TASK REQUIREMENTS. Extract each line of the material that follows exactly and omit its pictures.

DATA.
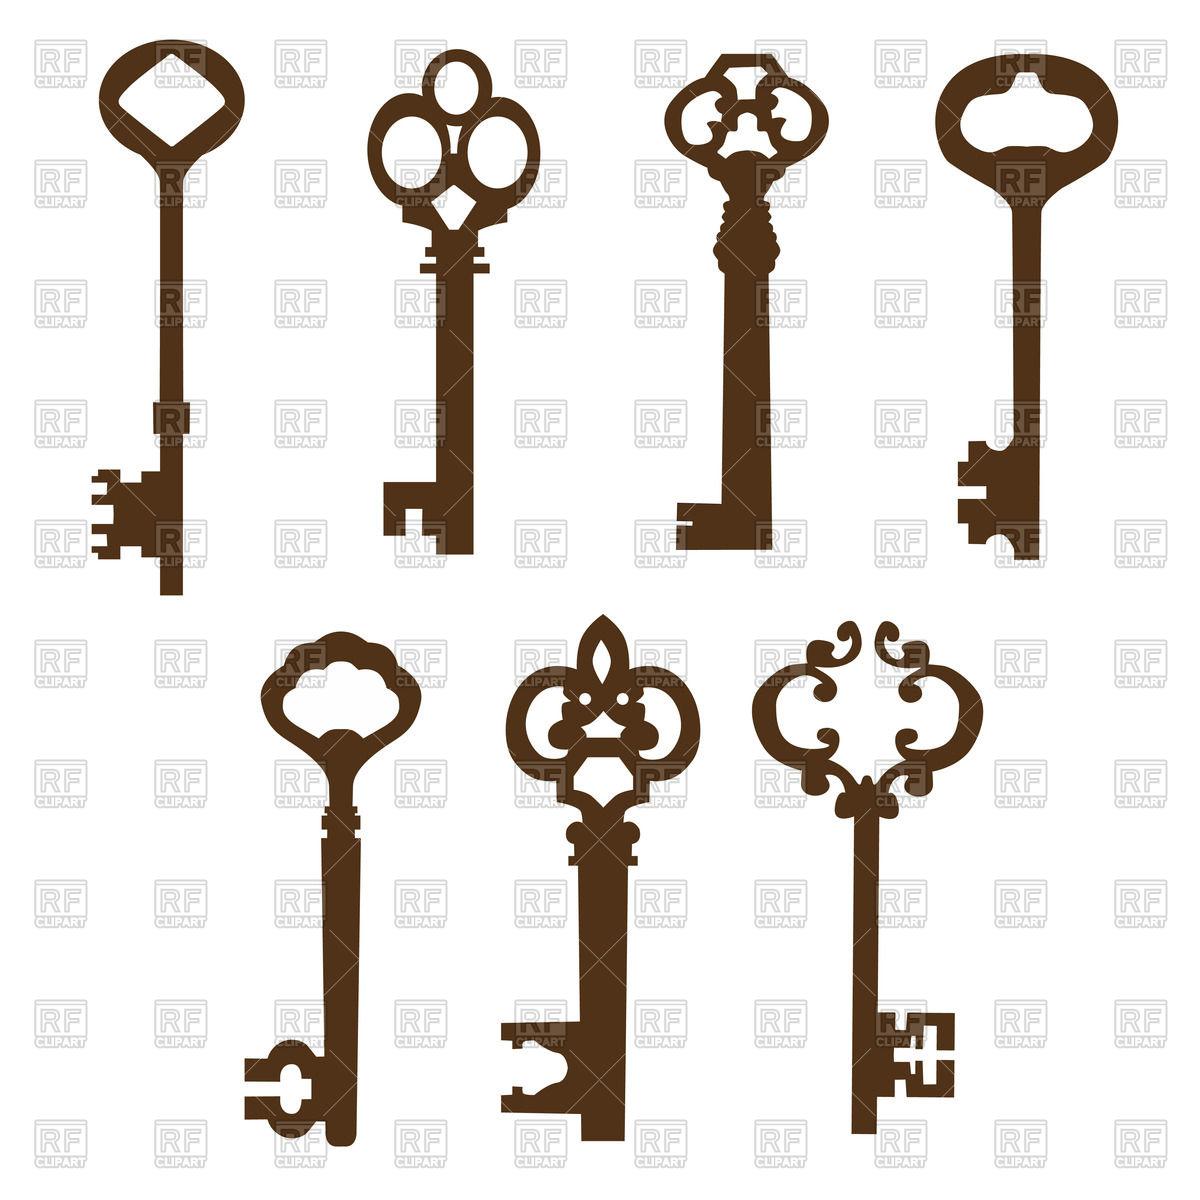 Silhouettes of vintage door keys with ornate handles Vector Image.
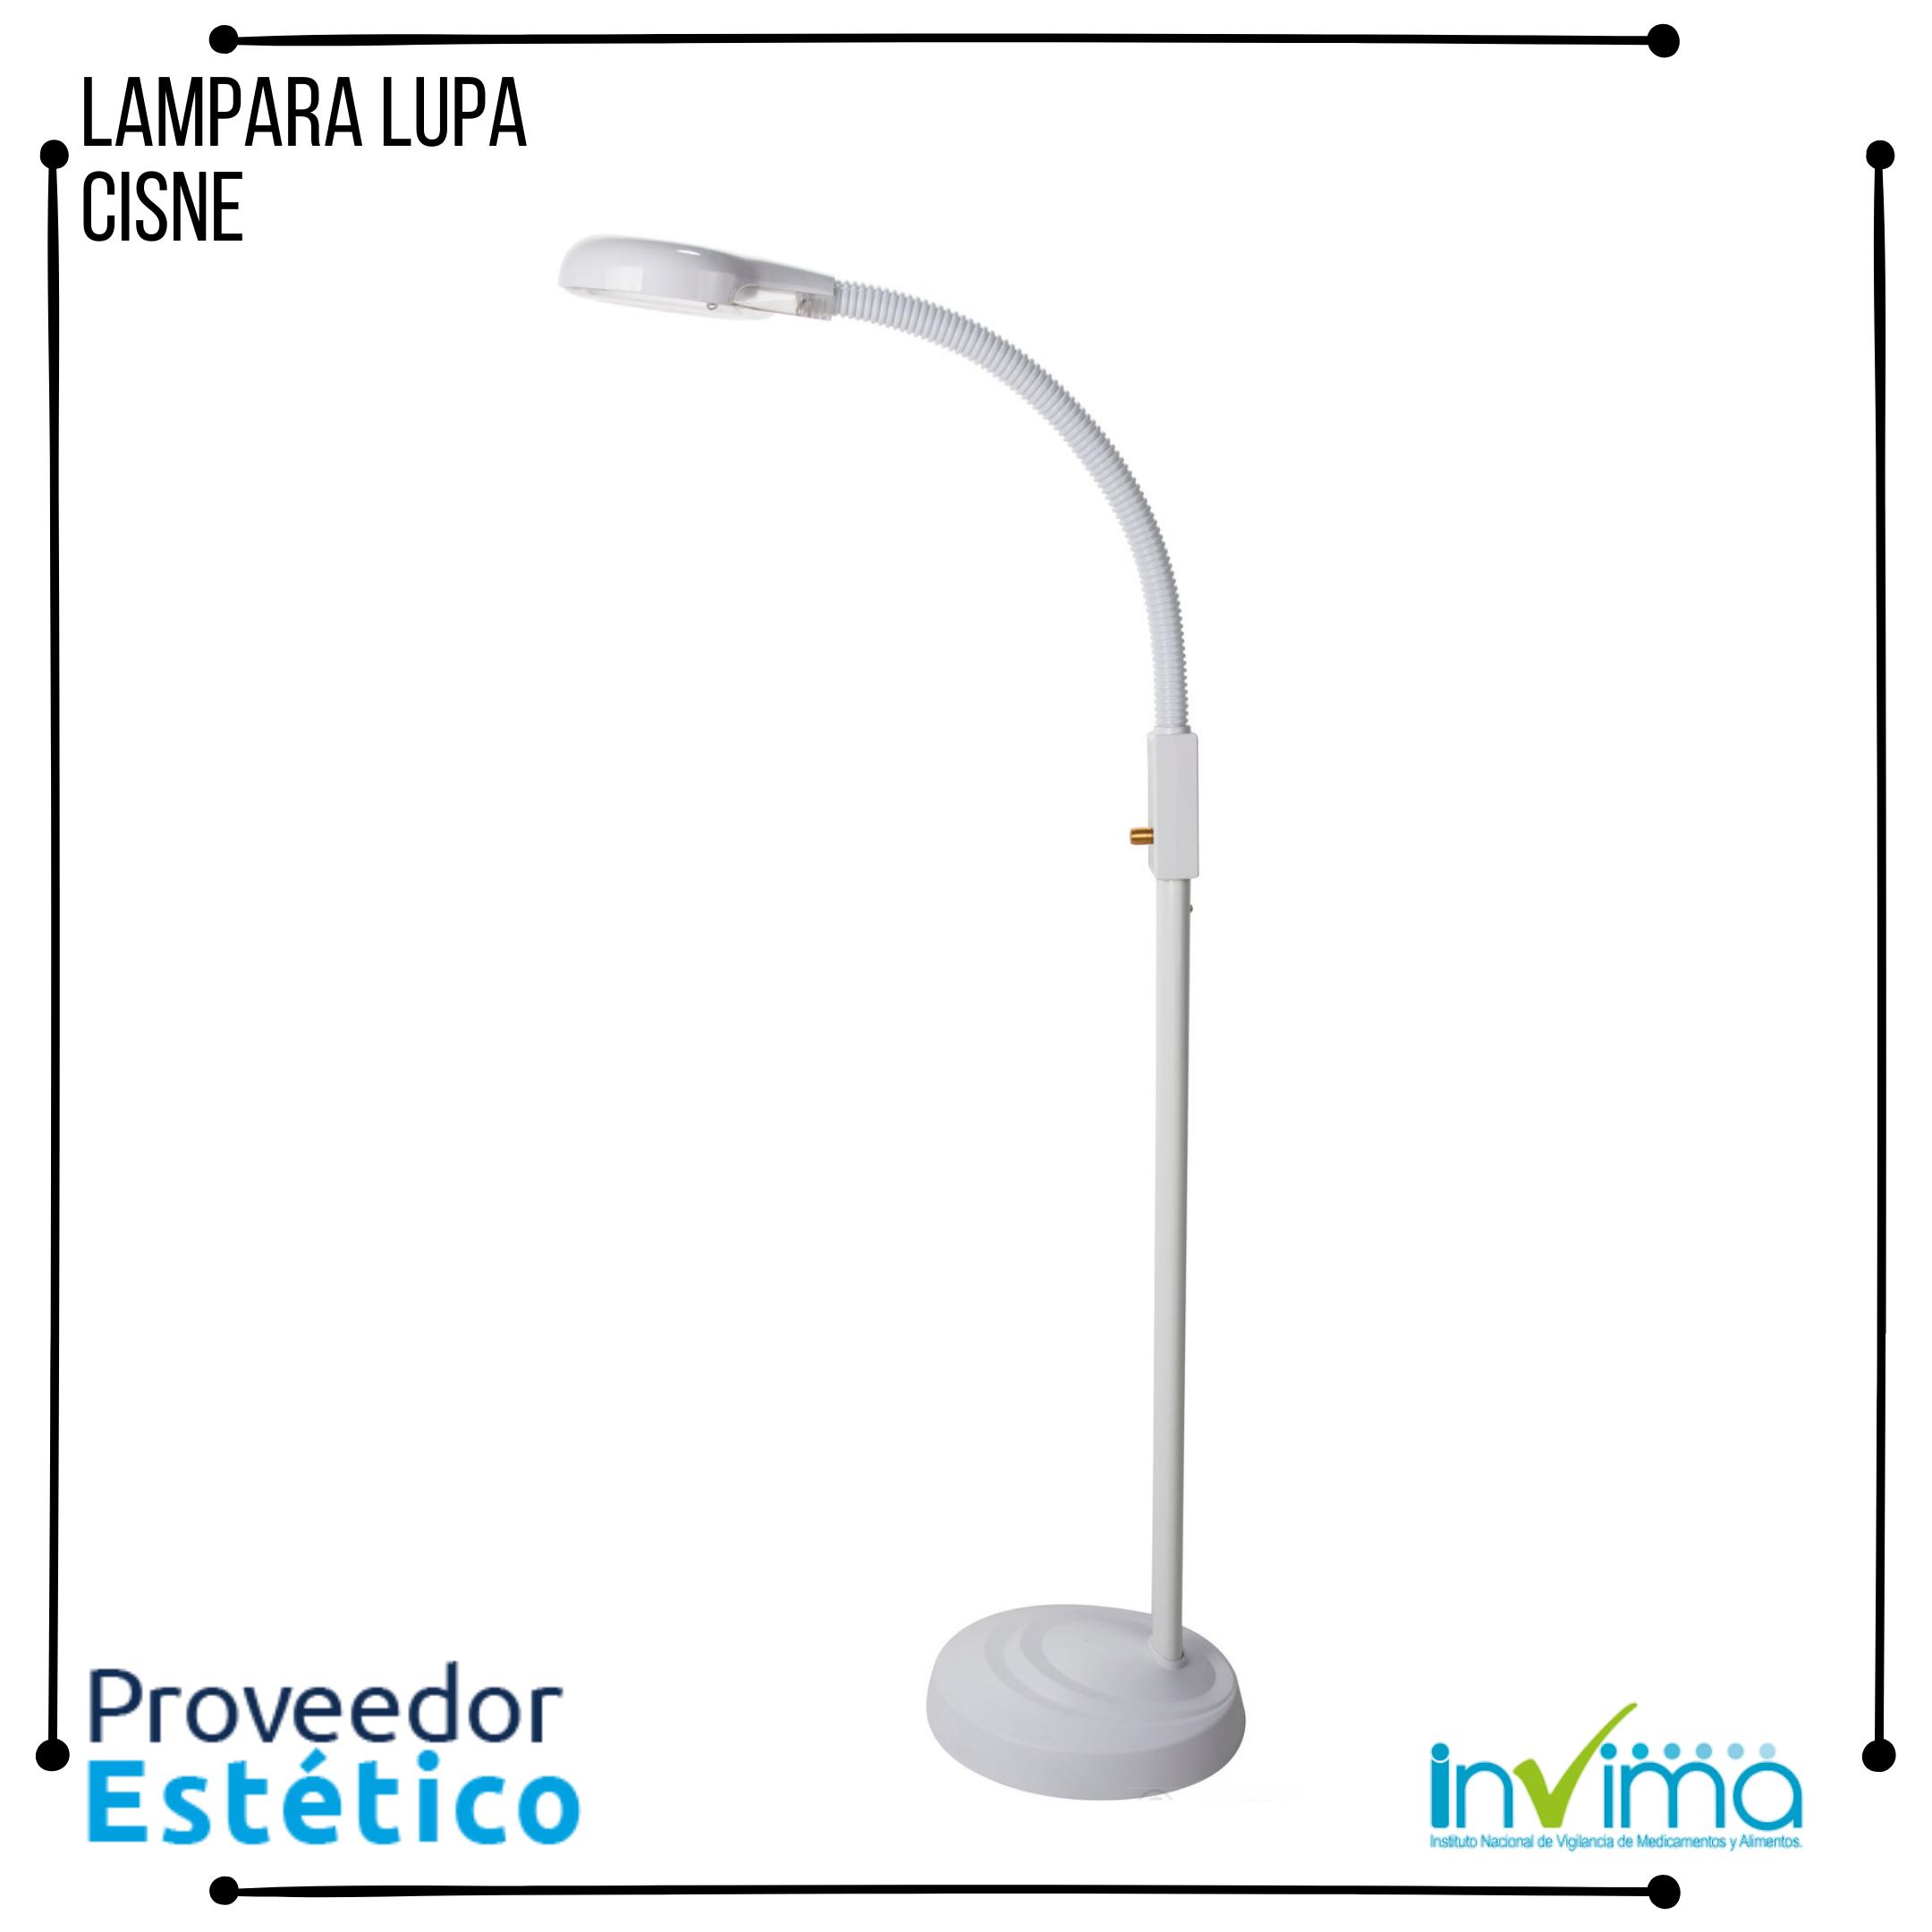 https://0201.nccdn.net/1_2/000/000/0ba/2d3/lampara-lupa-led-cisne--1-.png
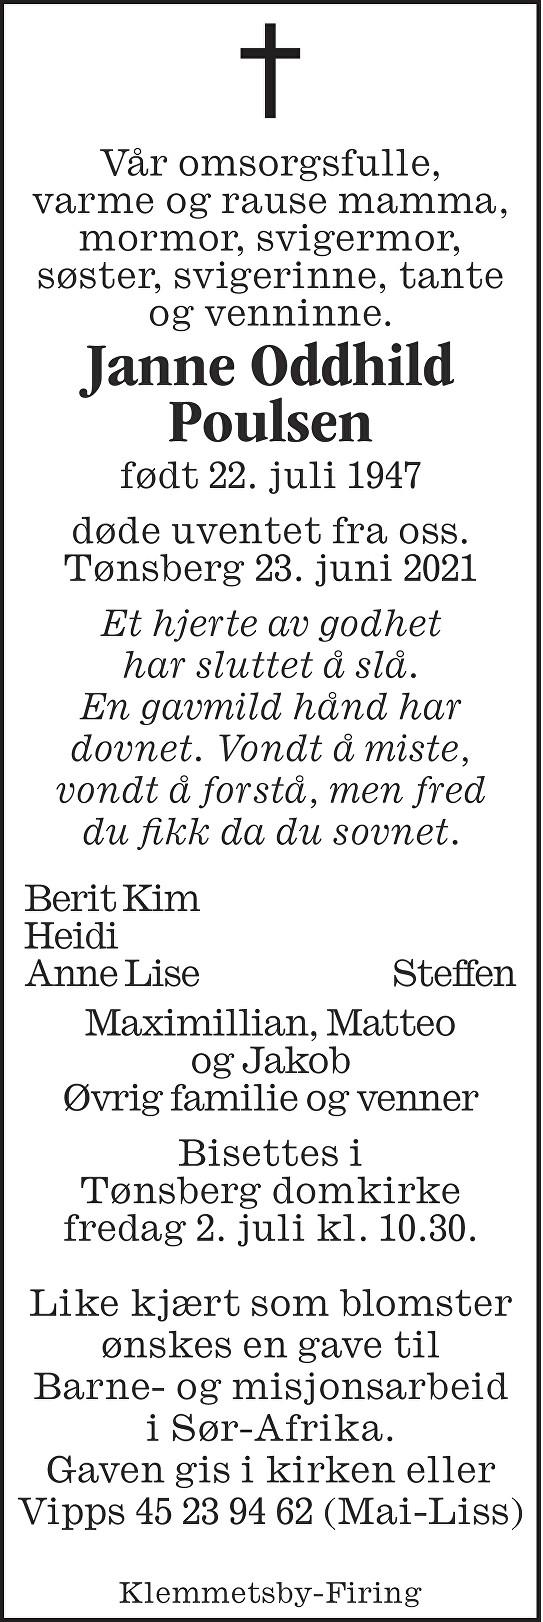 Janne Oddhild Poulsen Dødsannonse
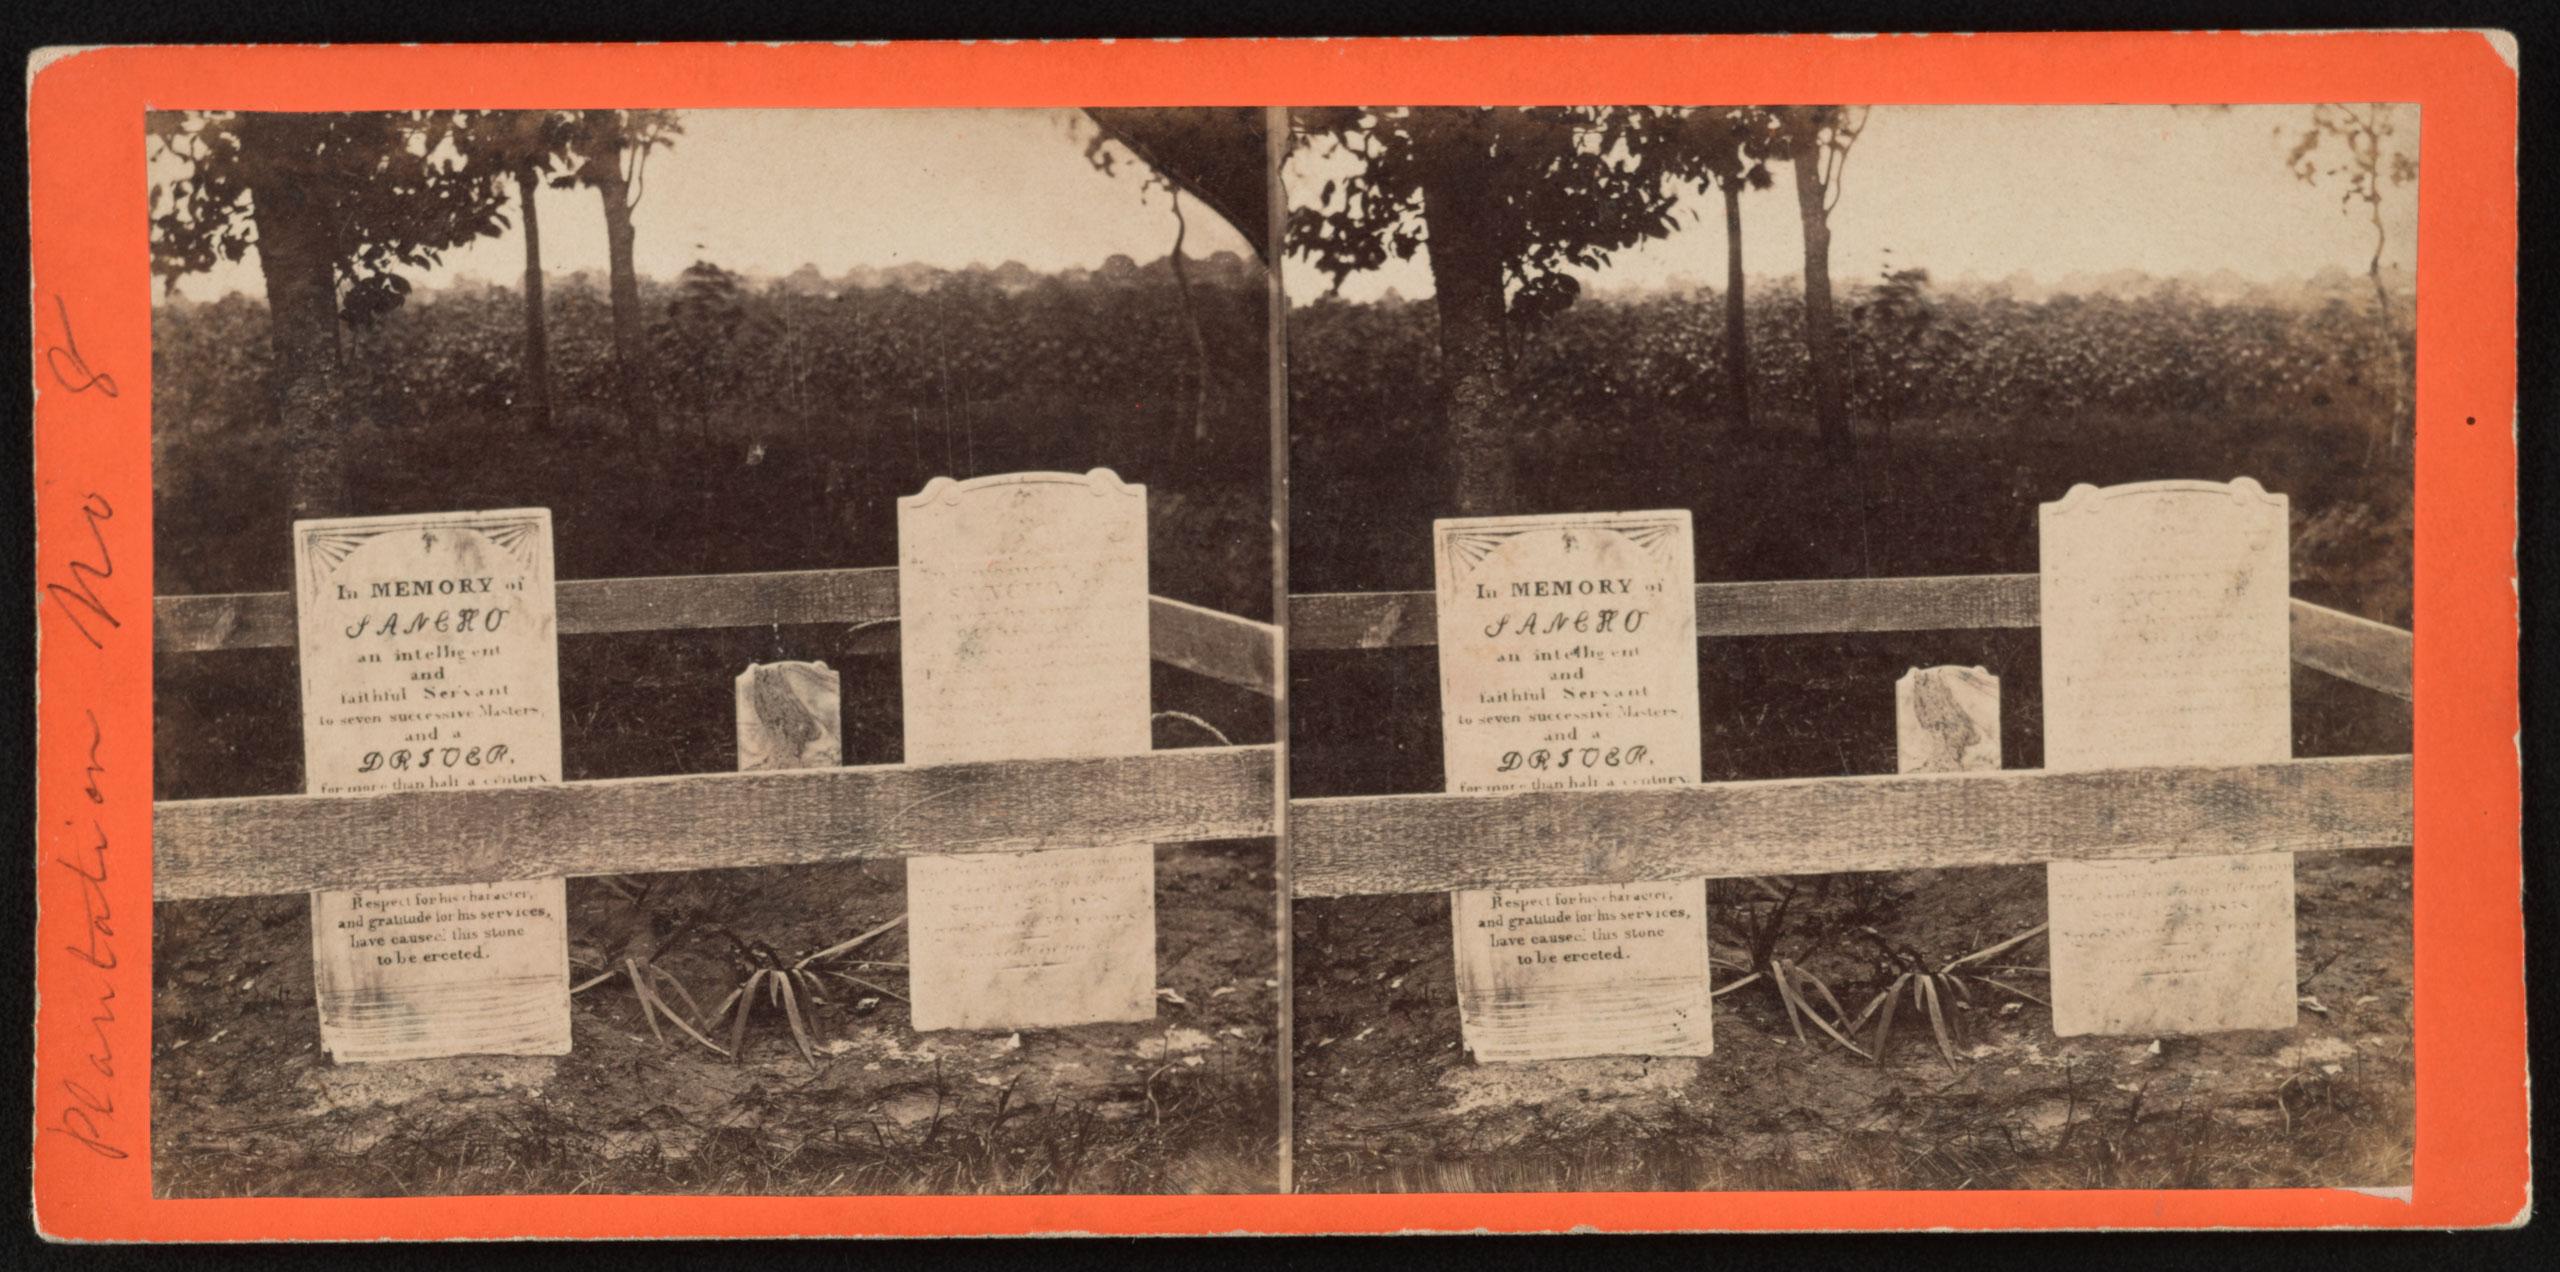 A negro burying ground,  Rockville plantation, Charleston, S.C., January 1863.

EXERCISE OUTPUT.
 Silhouettes of vintage door keys with ornate handles Vector Image.
 https://0201.nccdn.net/1_2/000/000/0ba/2d3/lampara-lupa-led-cisne--1-.png
 Janne Oddhild Poulsen Dødsannonse
 A negro burying ground,  Rockville plantation, Charleston, S.C., January 1863.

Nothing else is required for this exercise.